● **WORK REQUIRED**: Output the listing word for word, minus pictures.
[Start of Attachment]
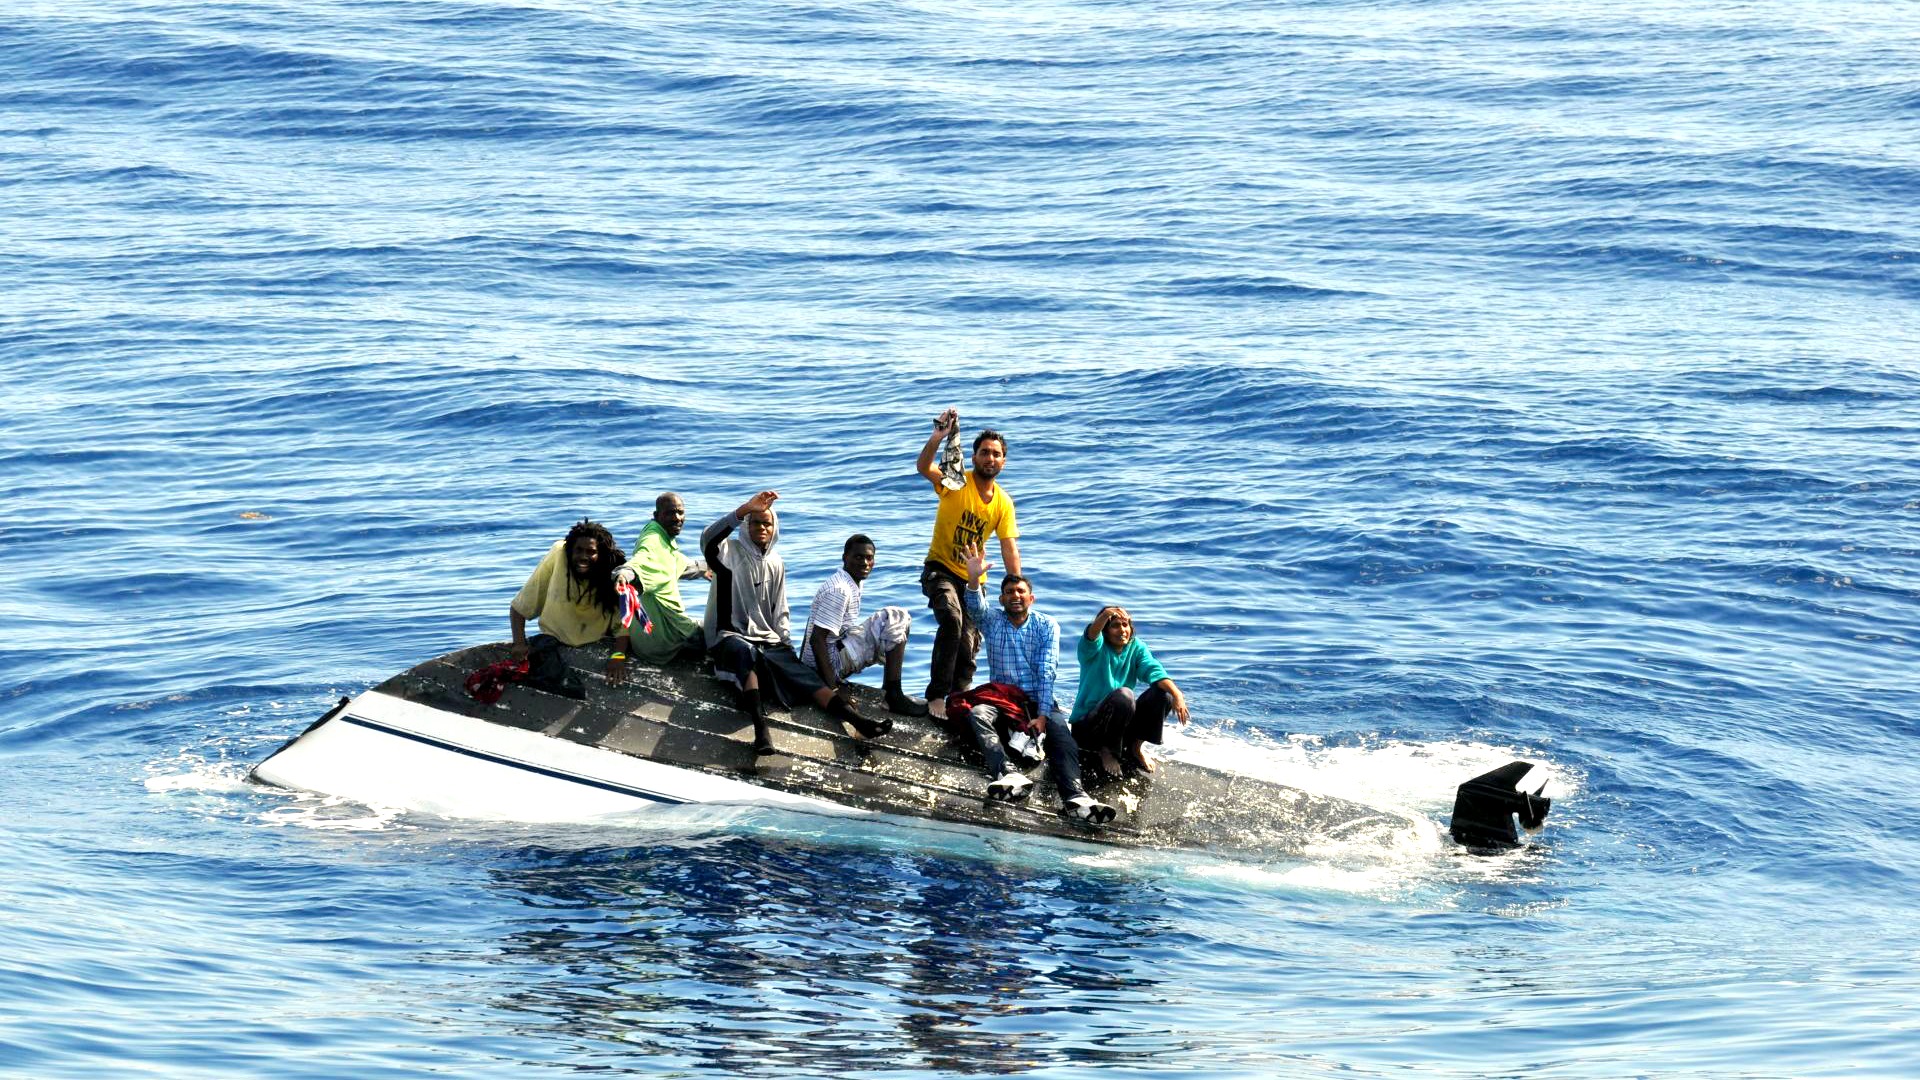 Les migrants traversent souvent la mer au péril de leur vie. | © Coast Guard News/Flickr/CC BY-NC-ND 2.0
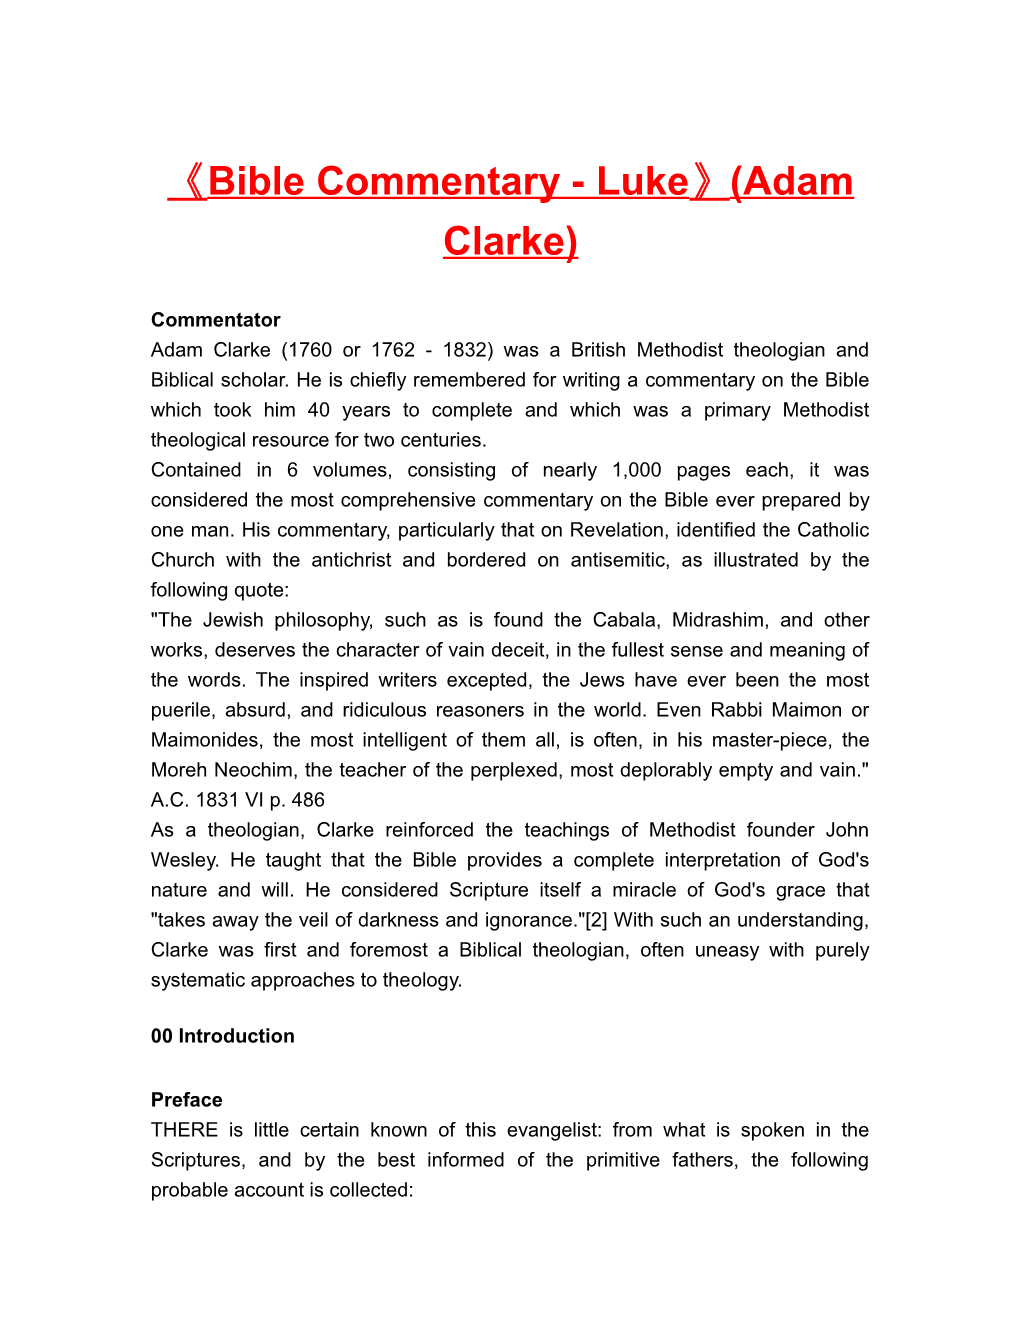 Bible Commentary - Luke (Adam Clarke)
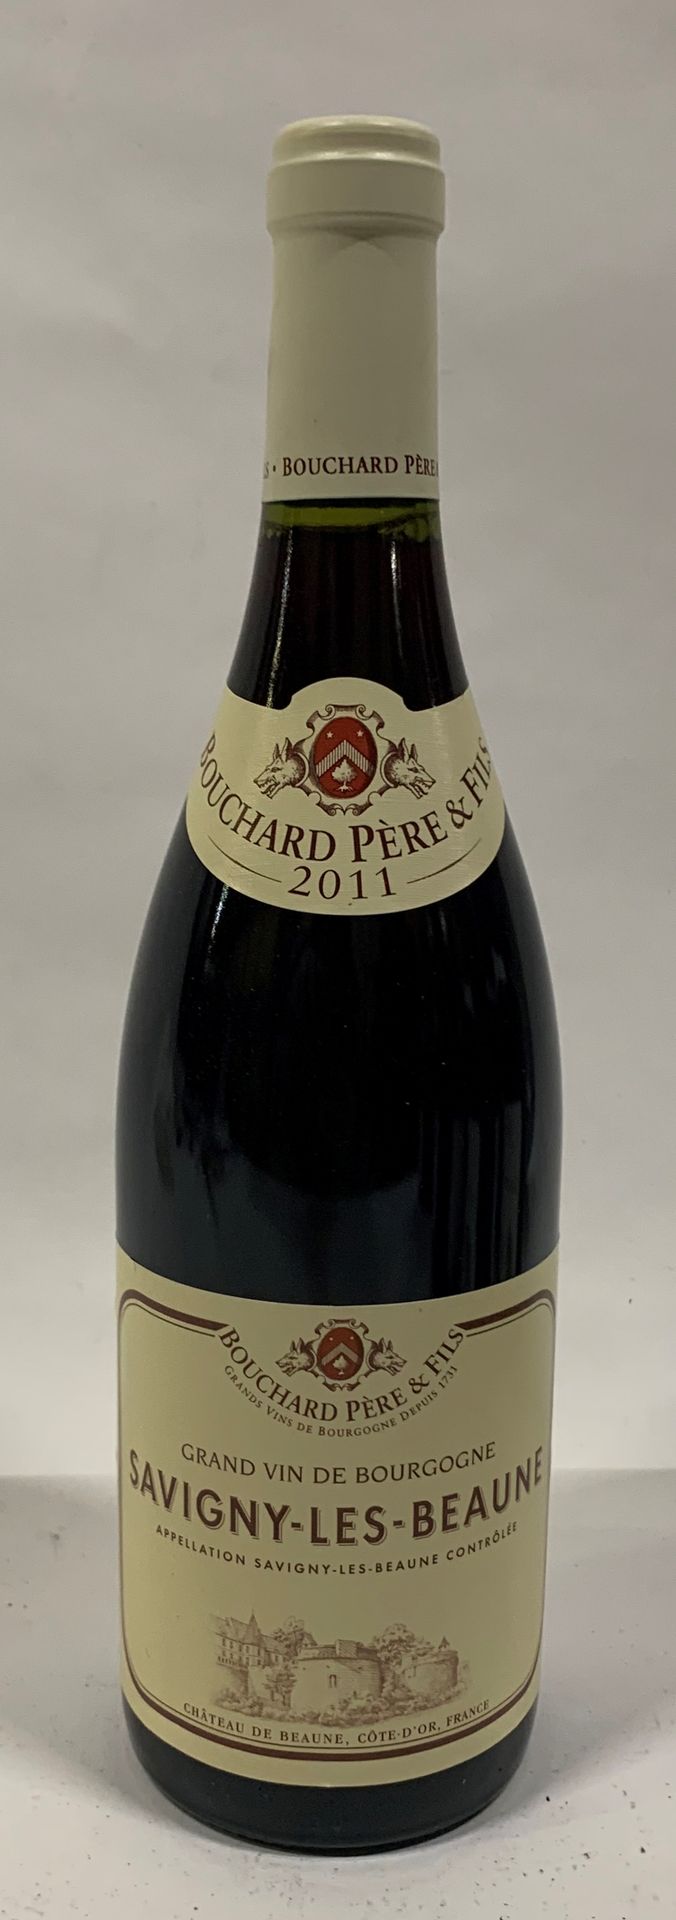 Null ● SAVIGNY-LÈS-BEAUNE | Bouchard Père & Fils, 2011 

6 bouteilles 

Réf. 50
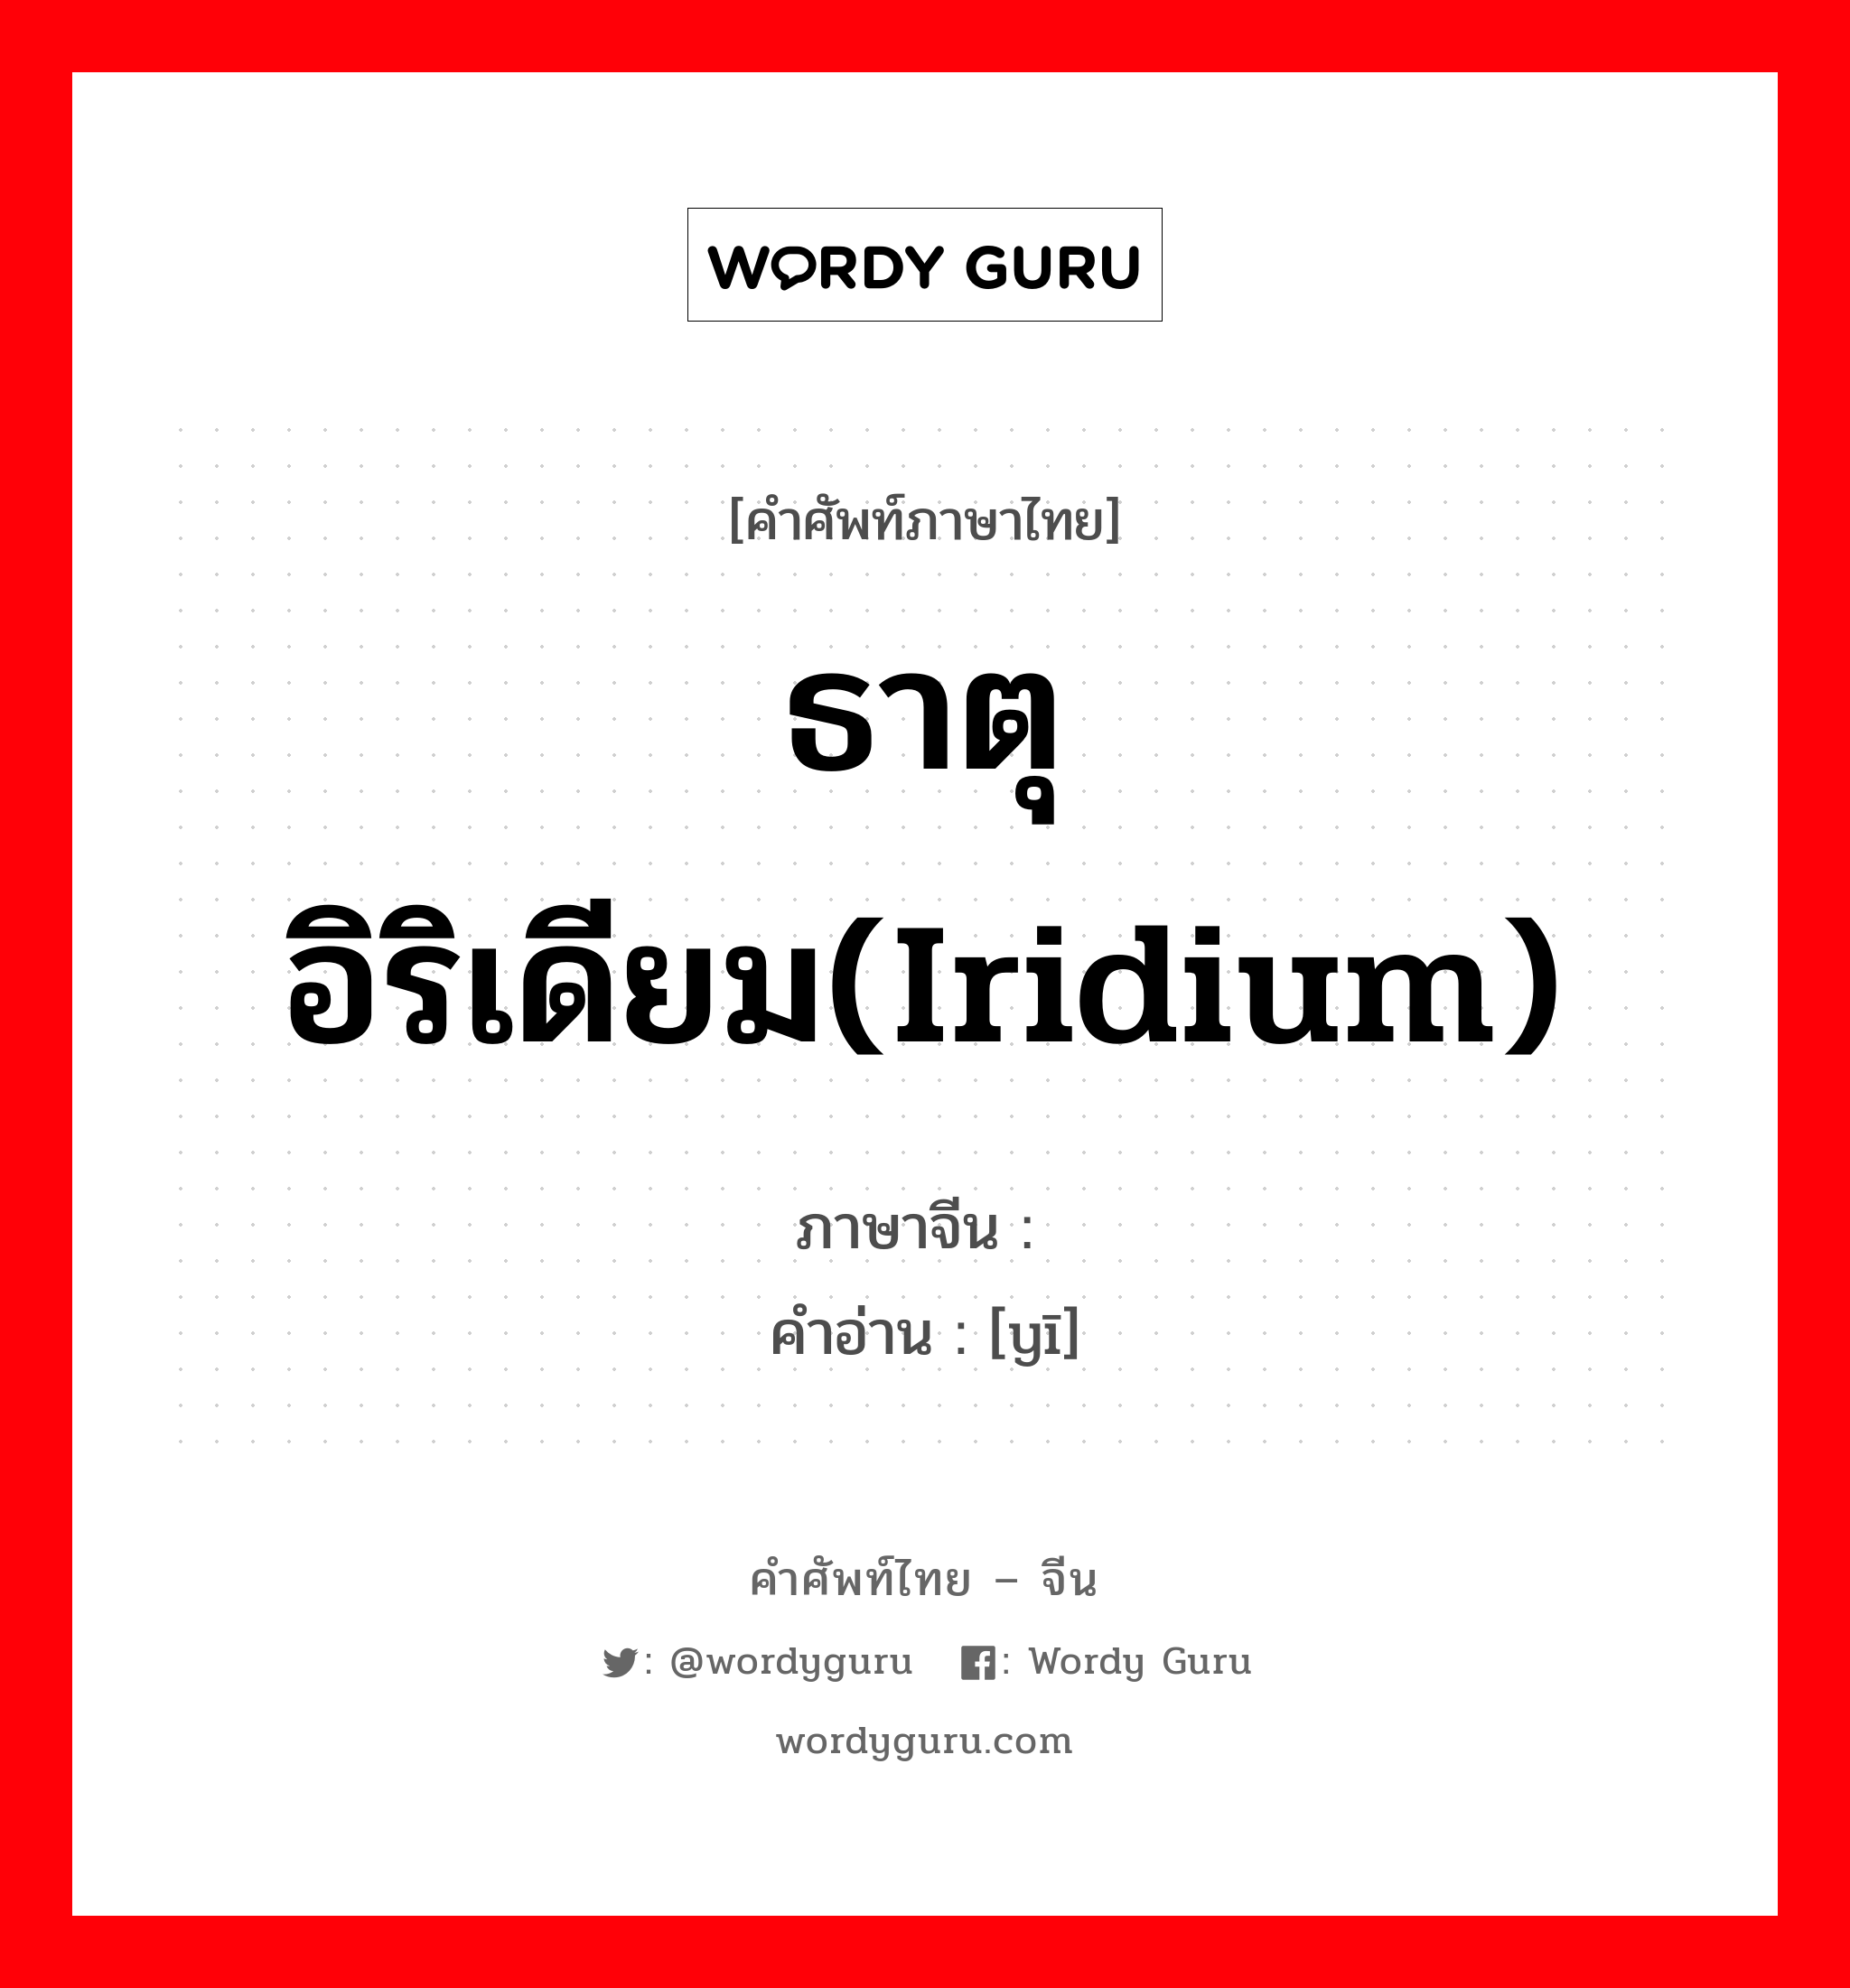 ธาตุอิริเดียม(Iridium) ภาษาจีนคืออะไร, คำศัพท์ภาษาไทย - จีน ธาตุอิริเดียม(Iridium) ภาษาจีน 铱 คำอ่าน [yī]
[End of Attachment]
● **TASK RESPONSE**:
 Les migrants traversent souvent la mer au péril de leur vie. | © Coast Guard News/Flickr/CC BY-NC-ND 2.0
 Bible Commentary - Luke (Adam Clarke)
 Null ● SAVIGNY-LÈS-BEAUNE | Bouchard Père & Fils, 2011 

6 bouteilles 

Réf. 50
 ธาตุอิริเดียม(Iridium) ภาษาจีนคืออะไร, คำศัพท์ภาษาไทย - จีน ธาตุอิริเดียม(Iridium) ภาษาจีน 铱 คำอ่าน [yī]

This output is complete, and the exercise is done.